The right names at MIT come up but feel free to try it for another university or another keyword (or a different country). For instance, tissue engineers in Canada, India, Brazil, or South Africa can be found by clicking the links.
2. The Researcher Profile
In the search results, you’ll see that every researcher has a card with a bunch of information on it:
Here is the card for Nenad Bursac, an expert on tissue engineering at Duke University. Scientifiq.AI autogenerates a biography for Dr. Bursac based on their most recent publications and uses our machine-learning algorithms to score every article associated with every researcher on the platform. The TOP designation means they are among the top 10 percent of all researchers worldwide on this score.
Once you click on the profile, you can see many more details: you can find out which firms have already leveraged their research into patents, which firms are working in adjacent technology spaces, and which universities hold related patents.
Scroll down some more, and you can see the author’s recent papers.
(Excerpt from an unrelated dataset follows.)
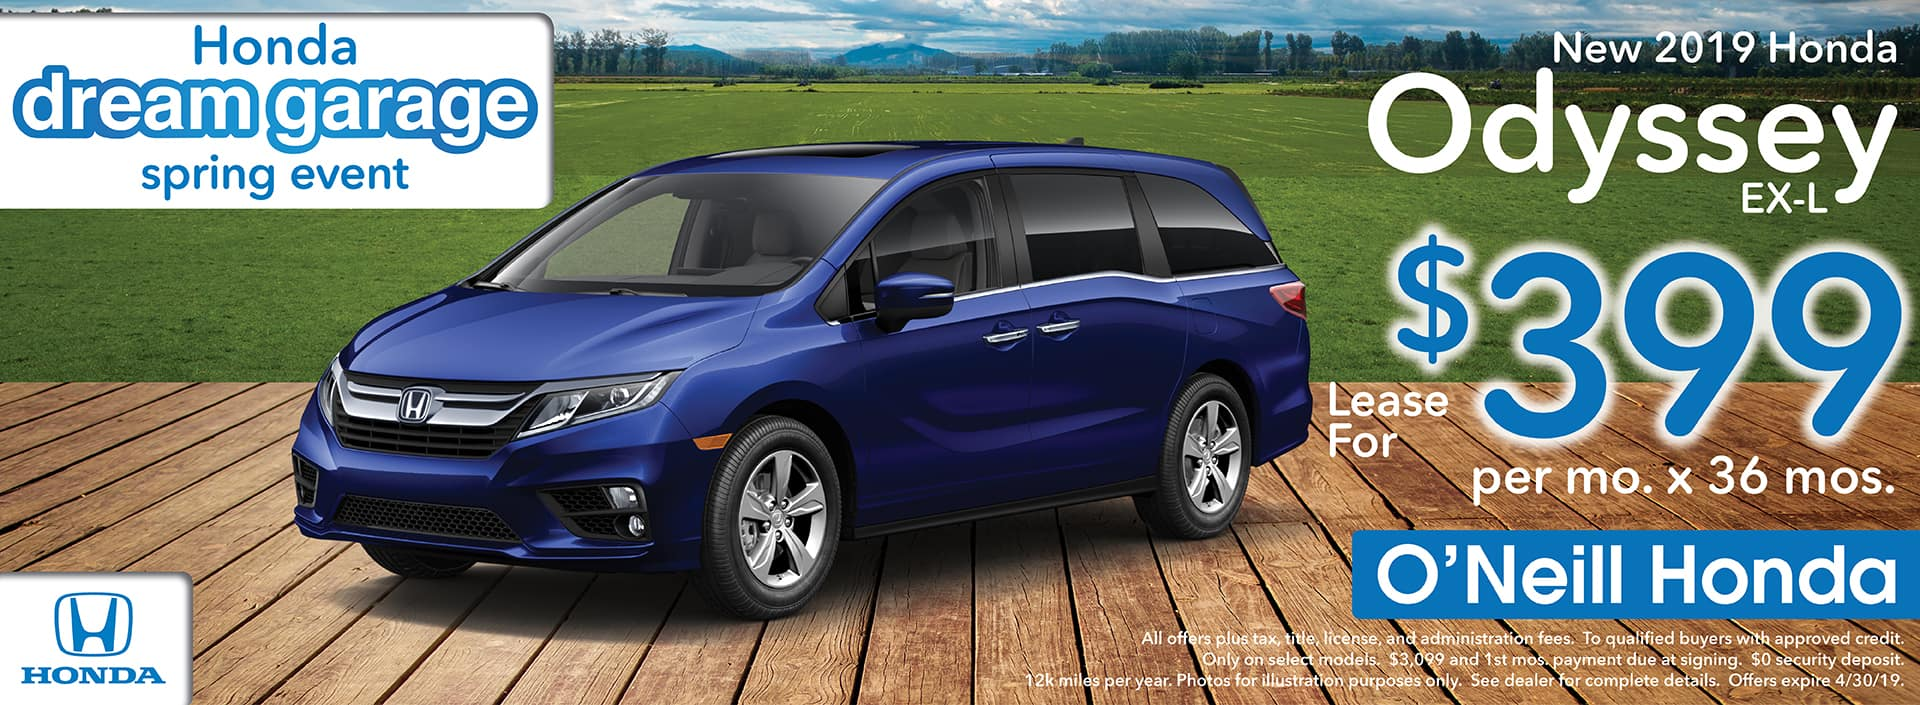 2018 Honda Odyssey Lease Offer
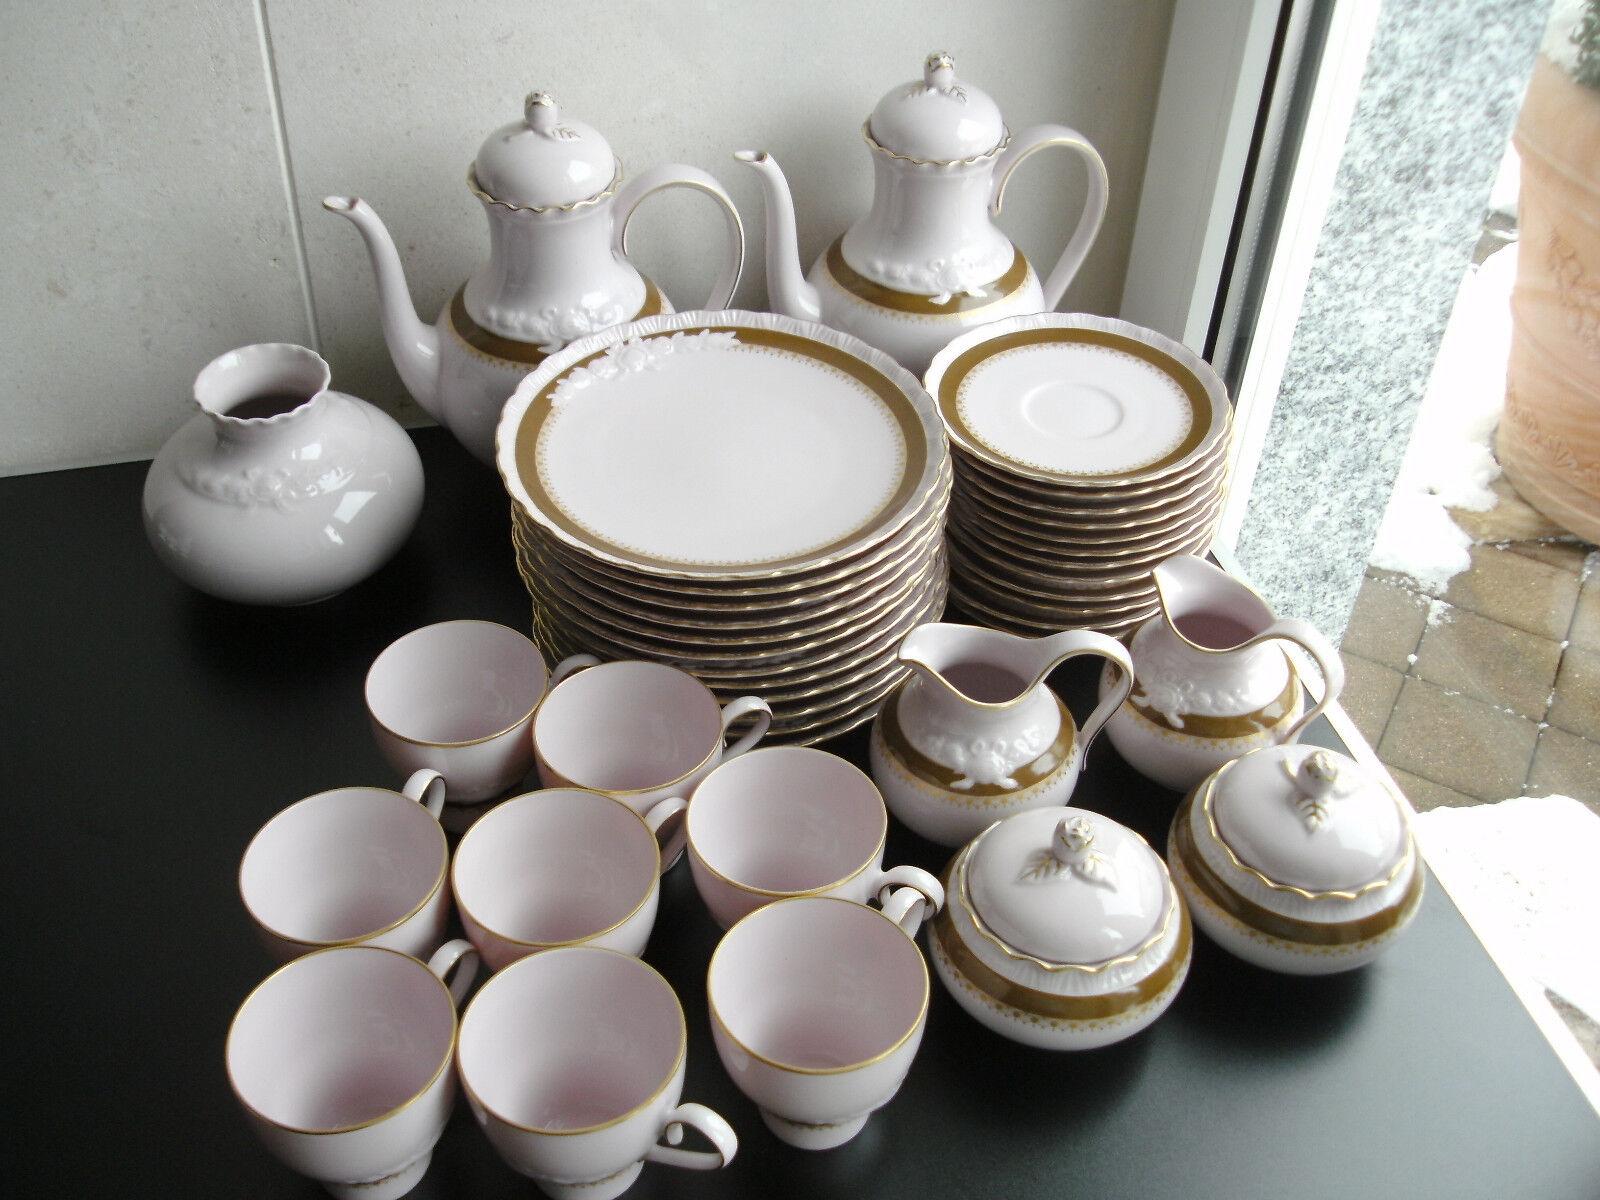 Hutschenreuther Kaffeeservice Porcelaine rosé 39 Teile

There are also related patents (this is still an experimental feature—if you have ideas on how to improve it, we’ll take it!) and coolest of all, a recommender system to find other researchers working on similar topics.
Here’s the screenshot of similar researchers page—other researchers who work on similar topics within tissue engineering to the main researcher whose page this is:
3. Find Researchers Anywhere in the World
Have you ever wondered who the experts on COVID-19 are in Mongolia? I have (well, not really, but I’m sure the Mongolian government has). With Scientifiq.AI, these researchers are a snap to find.
4. Topic Pages
Finally, maybe you want a birdseye view of Tissue Engineering — not just a deep dive into one researcher’s profile. Go back to the main search page and click Topics. There, you’ll find topics associated with the keyword “Tissue Engineering.” Here is the overall topic:
The topic page has lots of high-level info if you want to learn more about an area.
For instance, for the “Tissue engineering” topic, you get:
Overview – Introduction to tissue engineering, its significance, and medical applications.
Commercial Applications – Real-world uses in wound care, implants, organoids, biomaterials, and grafting.
Scientific Impact – Research influence, publication trends, and relevance across medical fields.
Latest Publications – Recent studies and key findings from top academic journals.
Top Papers (2022-2024) – Most influential research papers driving advancements.
Leading Researchers – Profiles of top contributors based on citations and publications.
Top Companies & Patents – Industry leaders, innovations, and key patents.
Leading Universities – Top institutions actively researching tissue engineering.
Related Topics – Connected fields like bioprinting, scaffold fabrication, and organ engineering.
Lot more features in Scientifiq.AI
There are a lot more features in Scientifiq.AI — but that’s for another day.
Remember to try Scientifiq.AI.
The End
OK, that’s it for today’s deep dive into the Business of Science. But we’ve only scratched the surface of how AI and data-driven approaches are transforming deep tech commercialization. If you’re curious to explore more, check out Scientifiq.AI—or let me know what challenges you see in bridging the gap between research and commercialization.
You’ll also notice that most articles are co-authored with a mix of multiple faculty and students.
We leverage data from RelianceOnScience to match articles to their patent citations.
Note: We’ve also made our data available for research in the spirit of open science. In the coming months, we hope to release worldwide data on the commercial potential of millions of papers.